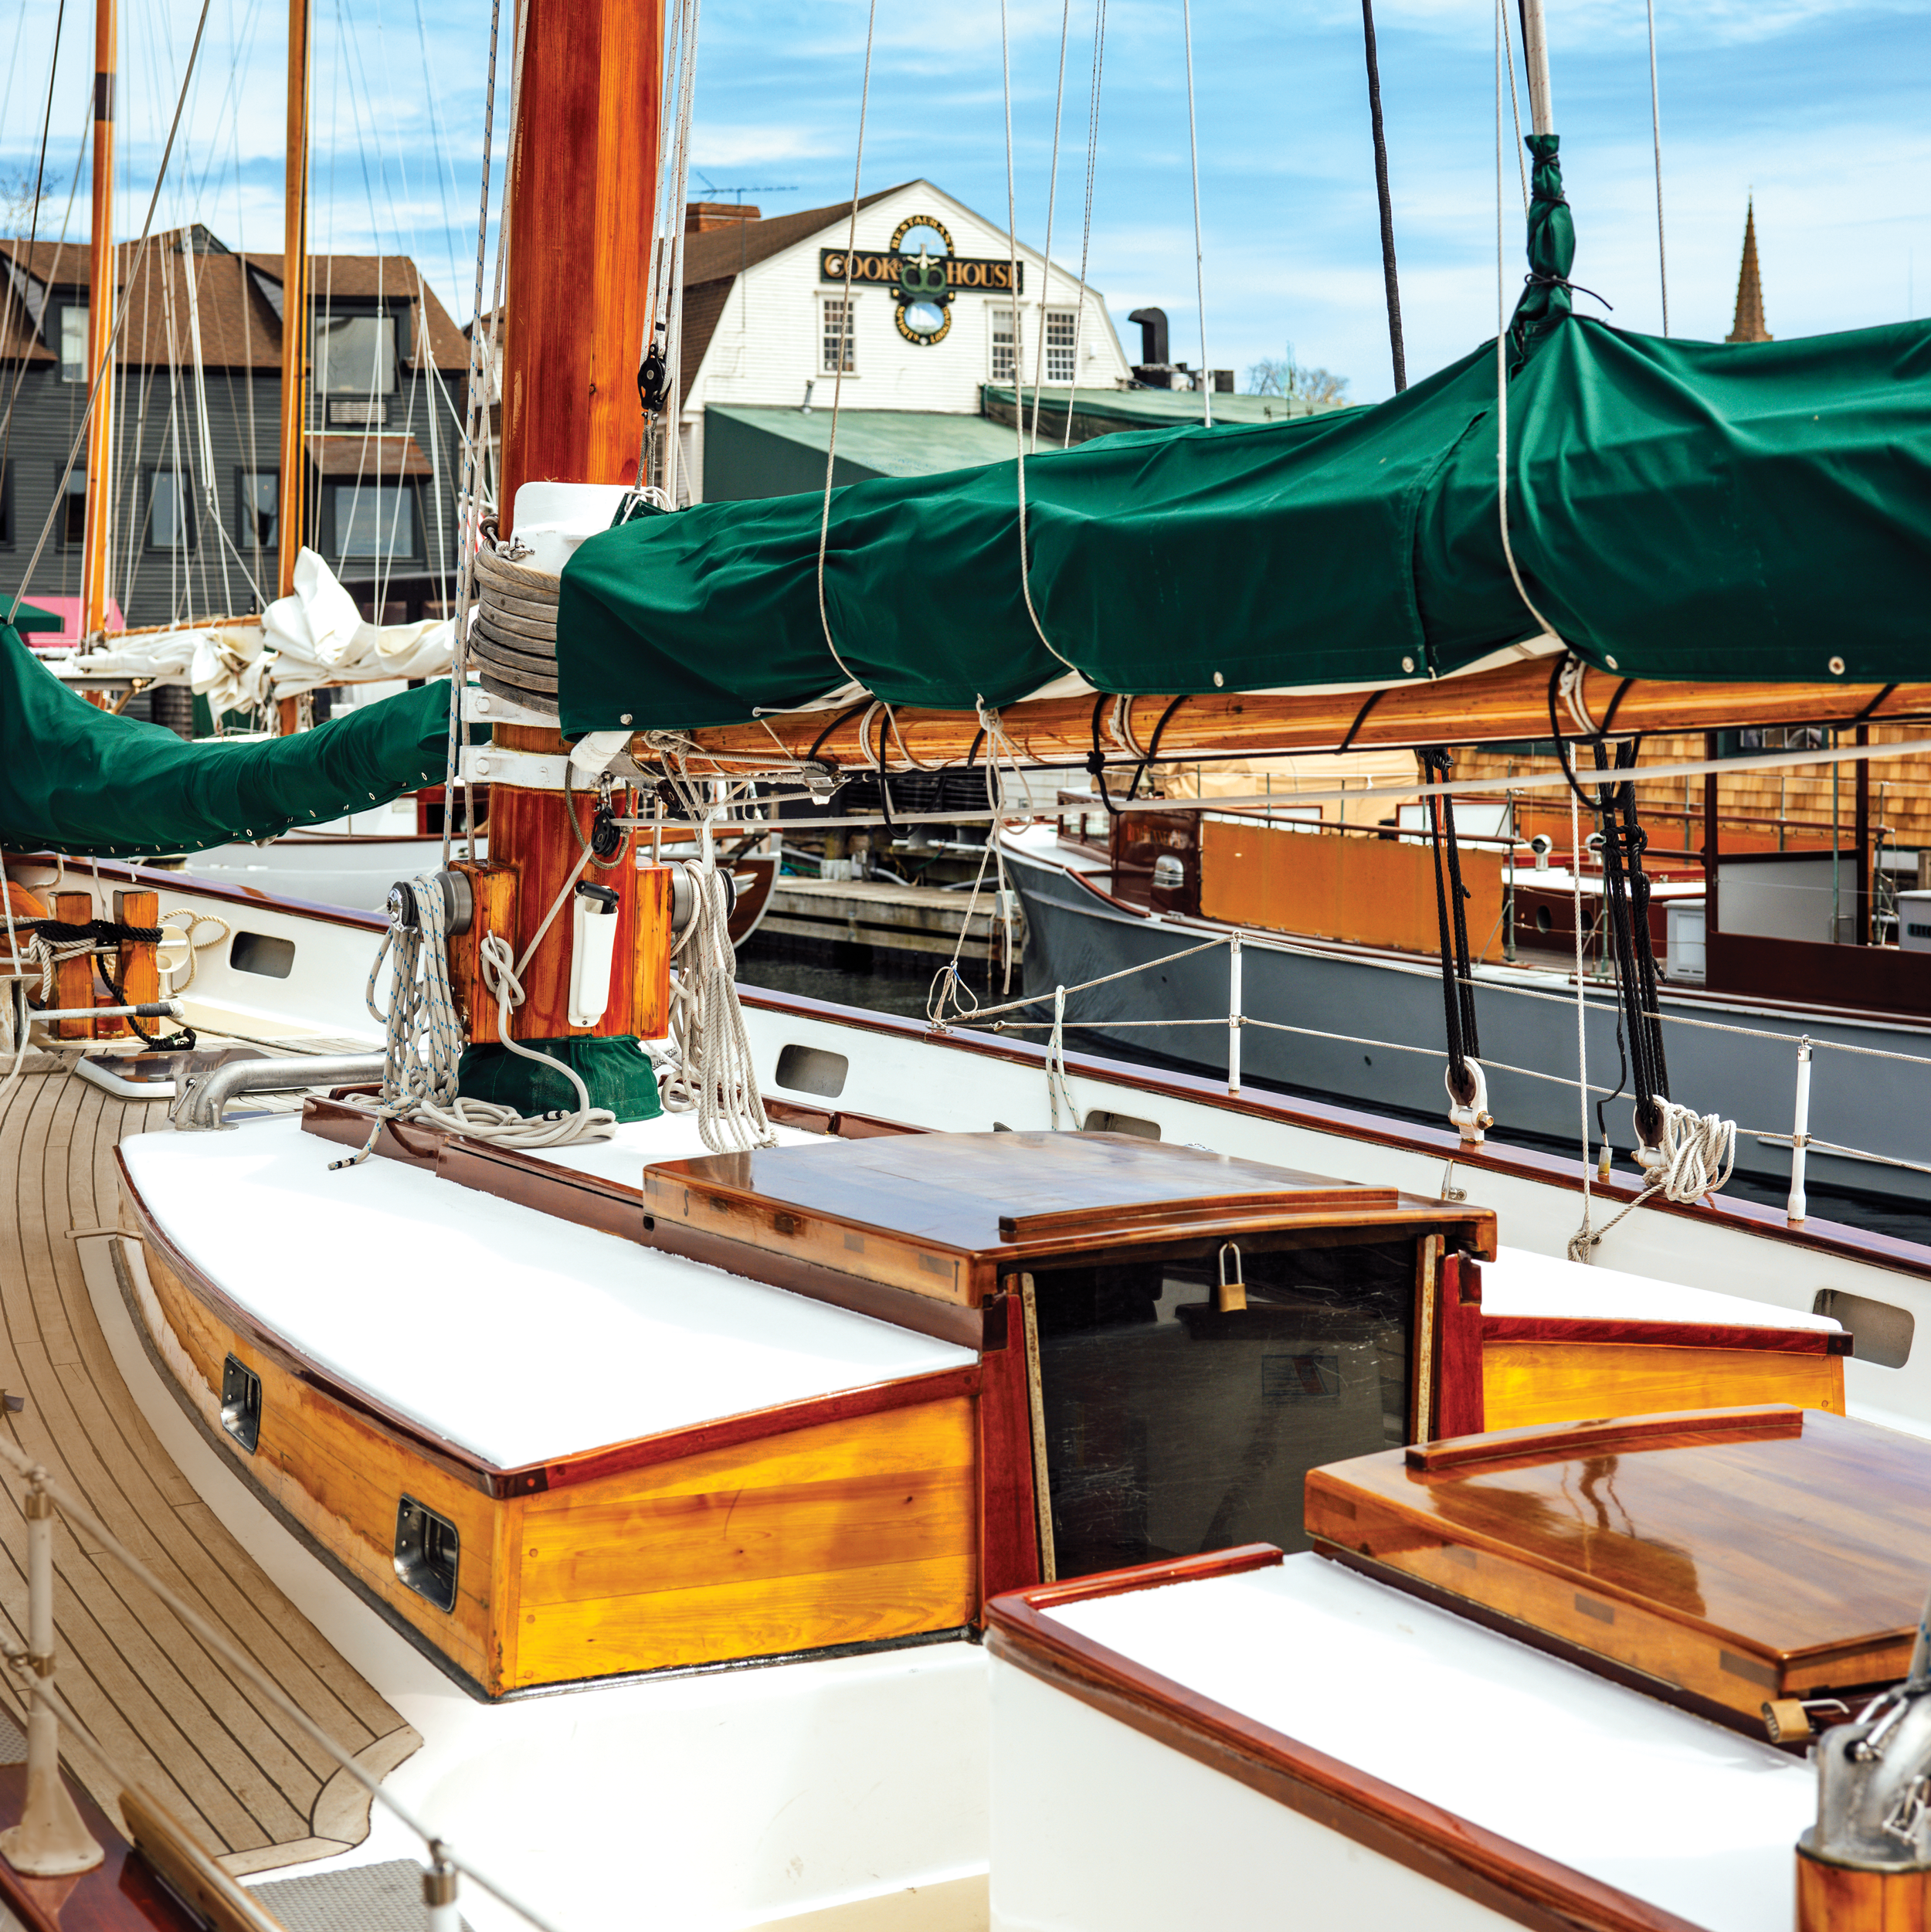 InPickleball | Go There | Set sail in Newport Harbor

★ ★ ★ ★ ★ ★ ★

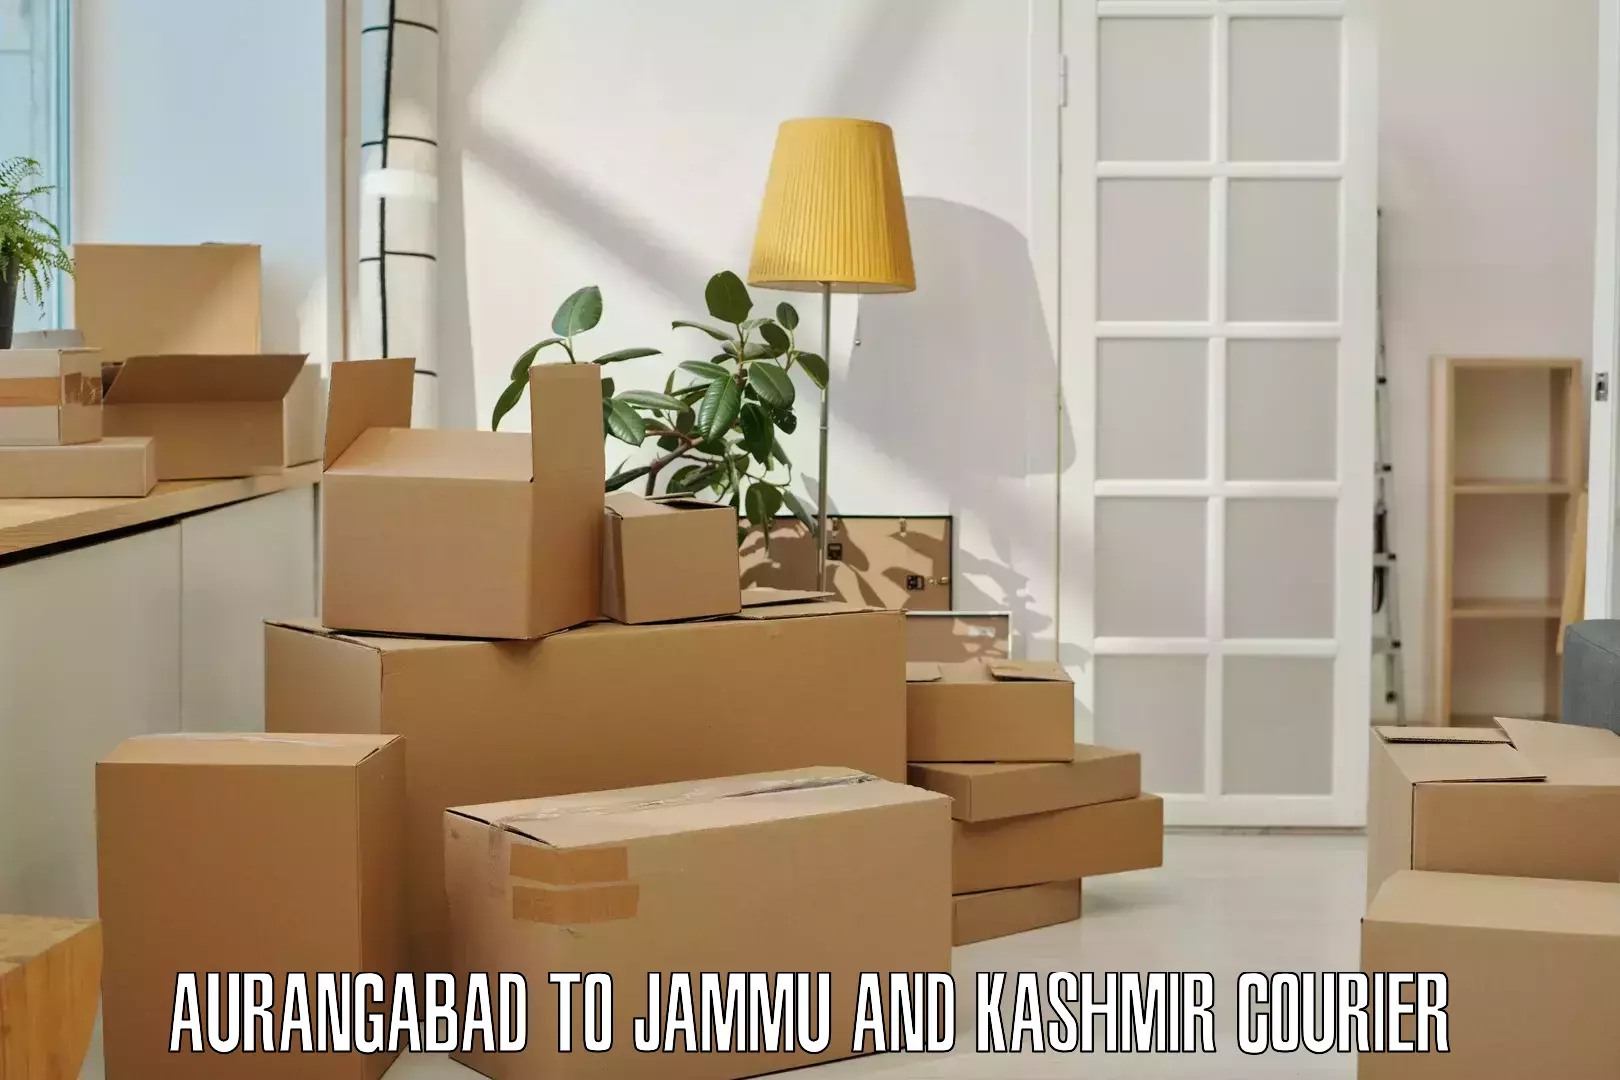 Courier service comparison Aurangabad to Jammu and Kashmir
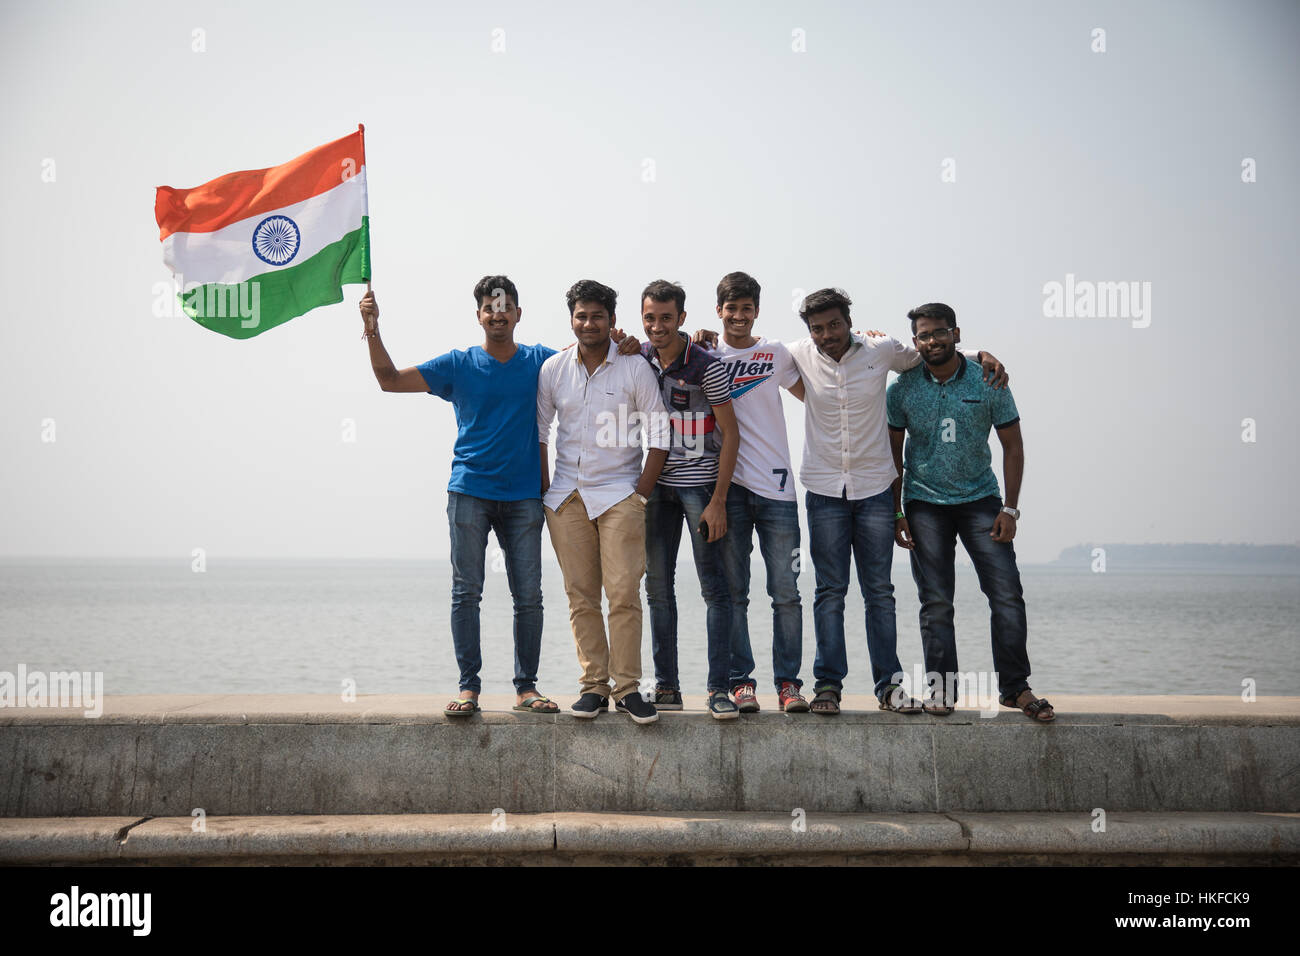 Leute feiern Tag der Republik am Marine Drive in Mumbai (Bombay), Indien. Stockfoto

★ ★ ★ ★ ★ ★ ★

**HOW TO COMPLETE THIS TASK**
Look above for the line with "Courier service comparison" and the line with "Leute feiern Tag", then restate exactly those two lines and all lines between them, with no pictures.

**RESPONSE TO THIS EXERCISE**
 Courier service comparison Aurangabad to Jammu and Kashmir
 Leute feiern Tag der Republik am Marine Drive in Mumbai (Bombay), Indien. Stockfoto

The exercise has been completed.